Vicarious liability for employers does not exist when injuries to prisoners are based on employee negligence, with certain exceptions. Government Code § 844.6. See Lawson v. Superior Court, 180 Cal. App. 4th 1372, 1383 (2010). The exception that section 844.6 explicitly calls out is the failure to render emergency medical aid under section 845.6 if a situation where an inmate “is in need of immediate medical care and [the employee] fails to take reasonable action to summon such medical care.”
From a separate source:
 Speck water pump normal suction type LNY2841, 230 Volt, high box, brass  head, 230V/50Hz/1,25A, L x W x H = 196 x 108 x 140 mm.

Negligent Hiring/Training/Supervision of employees can also give rise to liability for government employers in a manner that has parallels to a cause of action in federal law under Monell v. Department of Soc. Svcs., 436 U.S. 658 (1978). But California "does not recognize a general duty of care on the part of supervisors with respect to negligent hiring, retention, or training." Estate of Osuna v. County of Stanislaus, 392 F. Supp. 3d 1162, 1182 (E.D. Cal. 2019). So this type of claim is limited to specific situations. School districts, the California Supreme Court has held, may be held liable for negligent hiring because of the “special relationship” between schools and their students. C.A. v. William S. Hart Union High School Dist., 53 Cal.4th 861, 865-866 (2012). But in the same case the California Supreme Court stated: “Absent such a special relationship, there can be no individual liability to third parties for negligent hiring, retention or supervision of a fellow employee, and hence no vicarious liability under section 815.2.” 53 Cal.4th at 877.
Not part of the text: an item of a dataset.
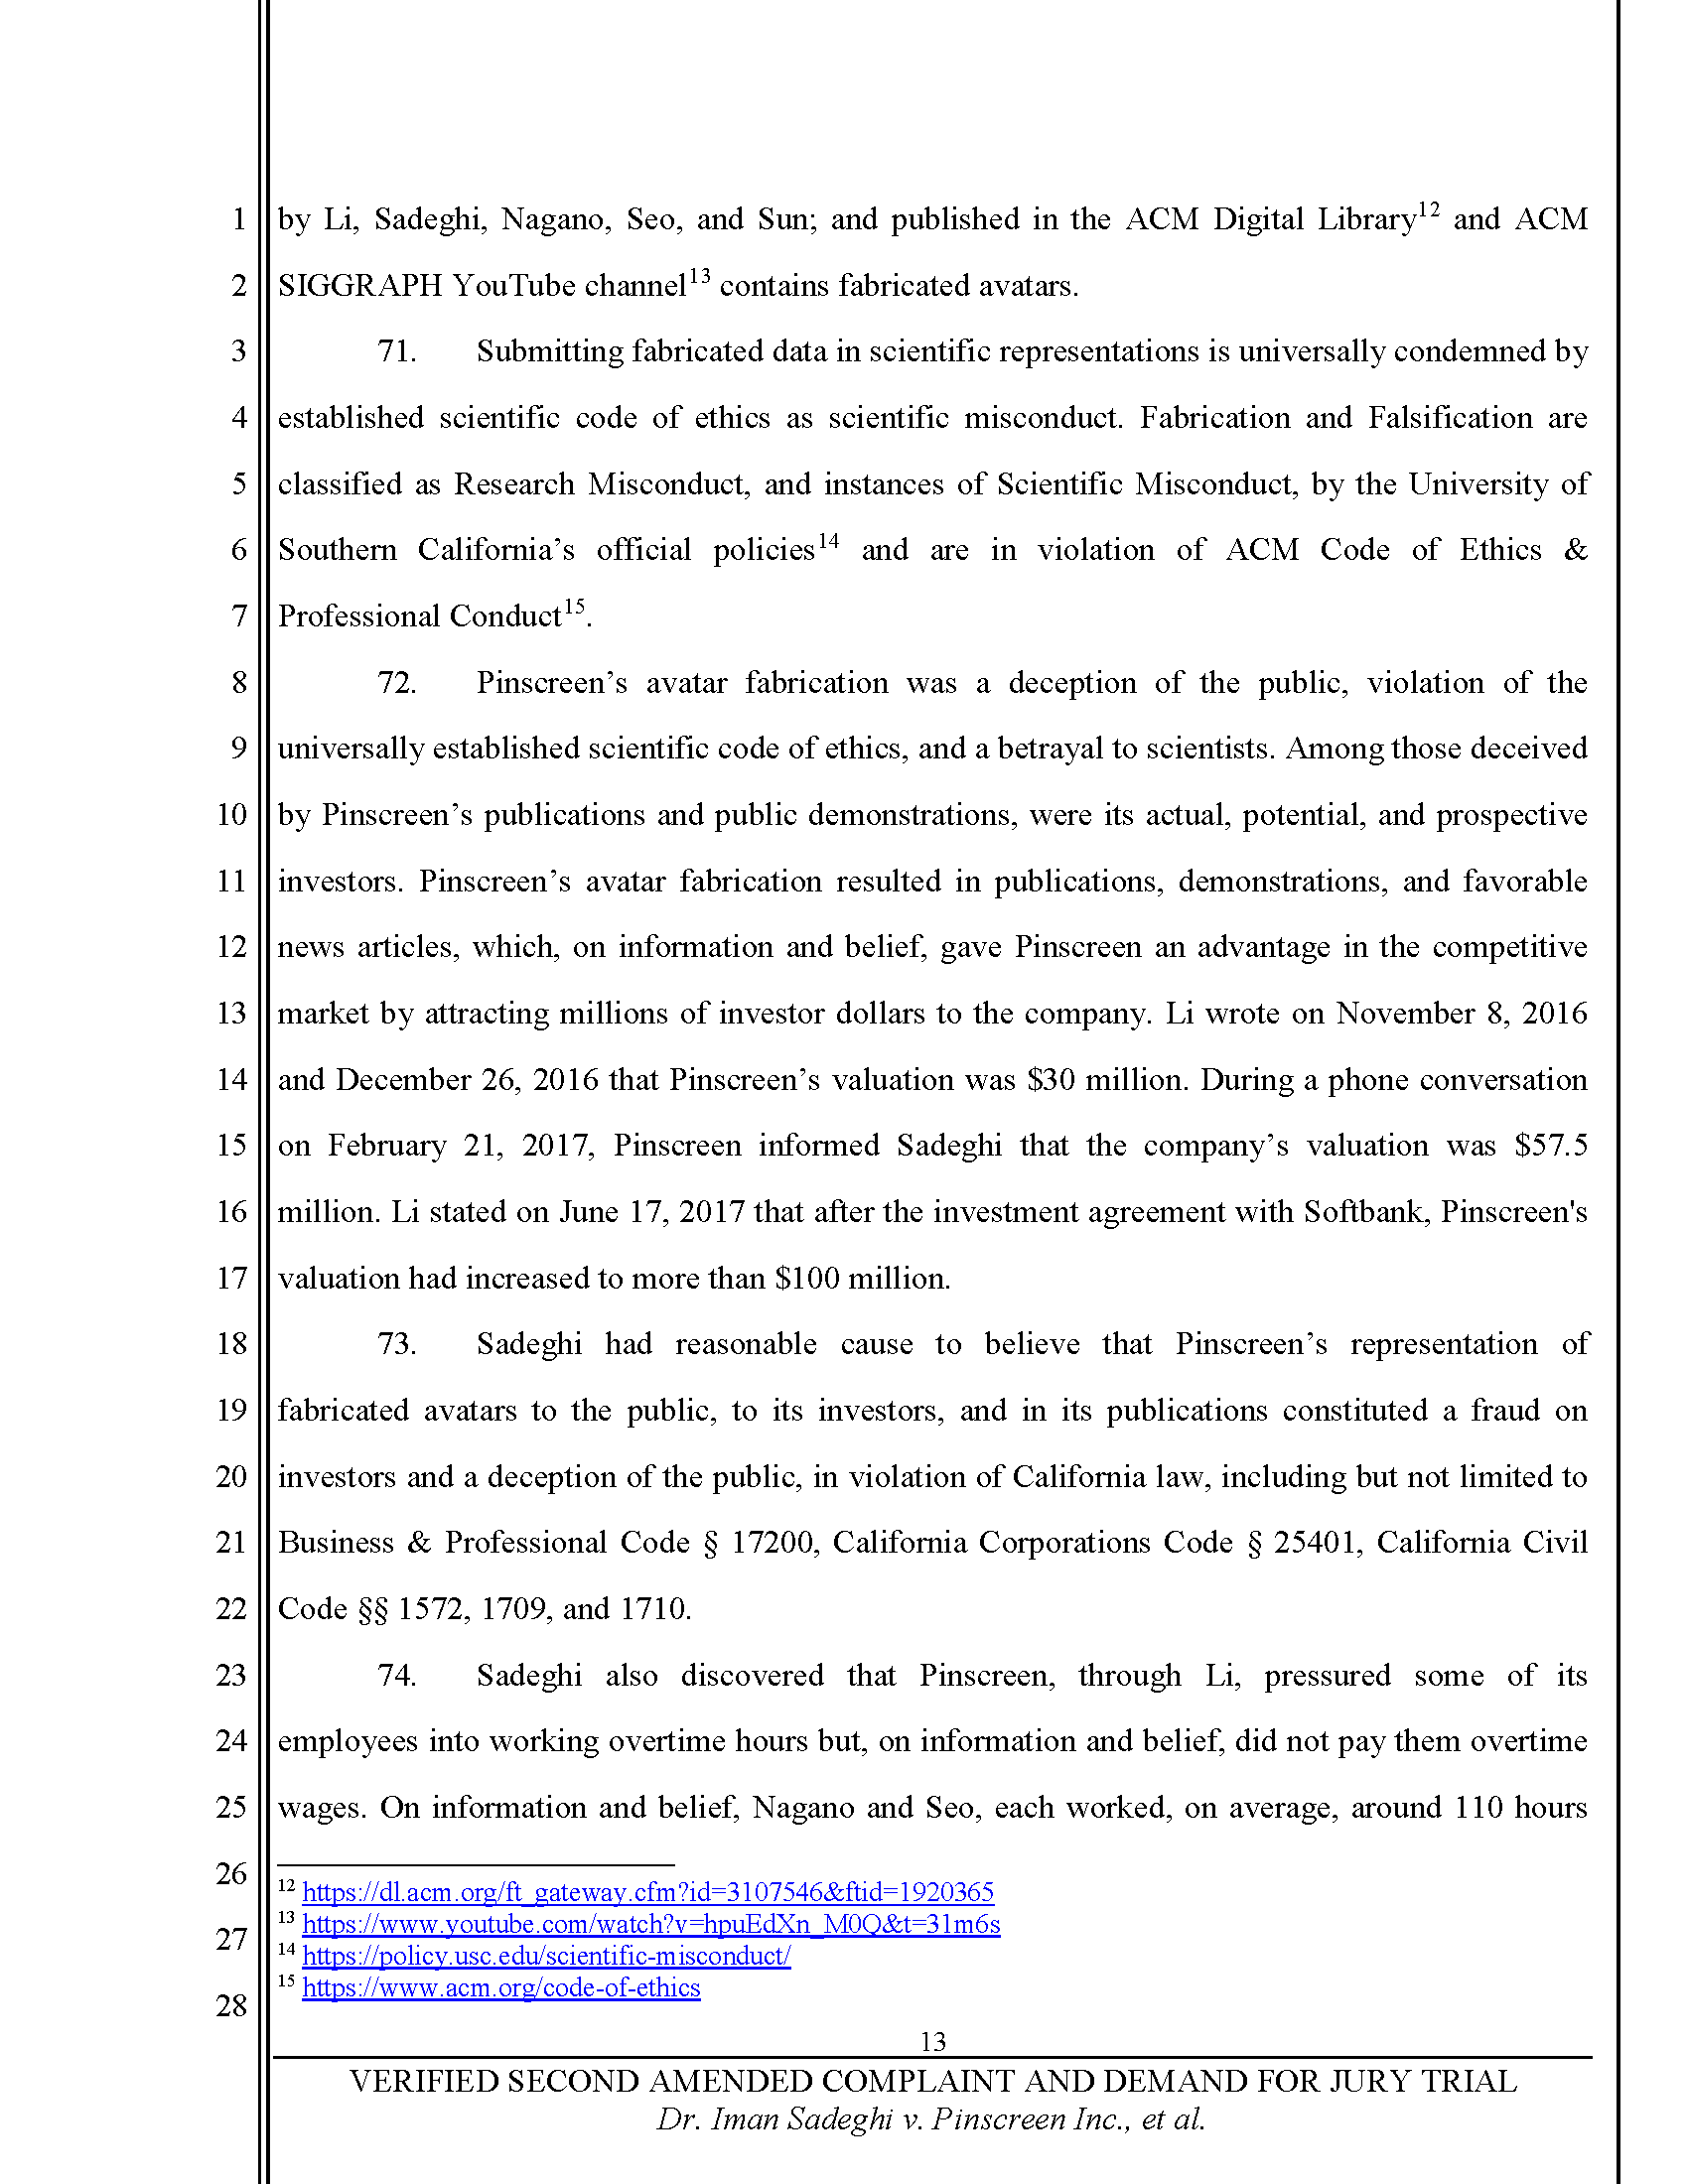 Second Amended Complaint (SAC) Page 14

This focus on the existence of a “special relationship” also suggests that jail and inmates may be able to assert such claims based on the special relationship that is understood to exist for individuals in custody, but there is also a considerable amount of bad law in this area, making these claims tricky. See Kendrick v. County of San Diego, No. 15-cv-2615-GPC (AGS), 2018 U.S. Dist. LEXIS 42185, 2018 WL 1316618, at *11 (S.D. Cal. Mar. 14, 2018) ("Plaintiff does not allege a special relationship existed between [the decedent] and Sheriff Gore. Therefore, Sheriff Gore cannot be personally liable for a claim of negligent hiring and supervision . . . ."); Fuentes v. City of San Diego, No. 3:16-cv-02871-BEN-JMA, 2017 U.S. Dist. LEXIS 96048, 2017 WL 2670976, at *3 (S.D. Cal. June 20, 2017) (dismissing claim because "Plaintiffs generally allege that the City and/or SDPD have a duty to protect people from harm and exercise care in selection, retention, training, and supervision of their employees. However, these alleged duties do not resemble the enhanced duties imposed on school personnel that formed the basis for their special relationship with the minor plaintiff in William S. Hart.").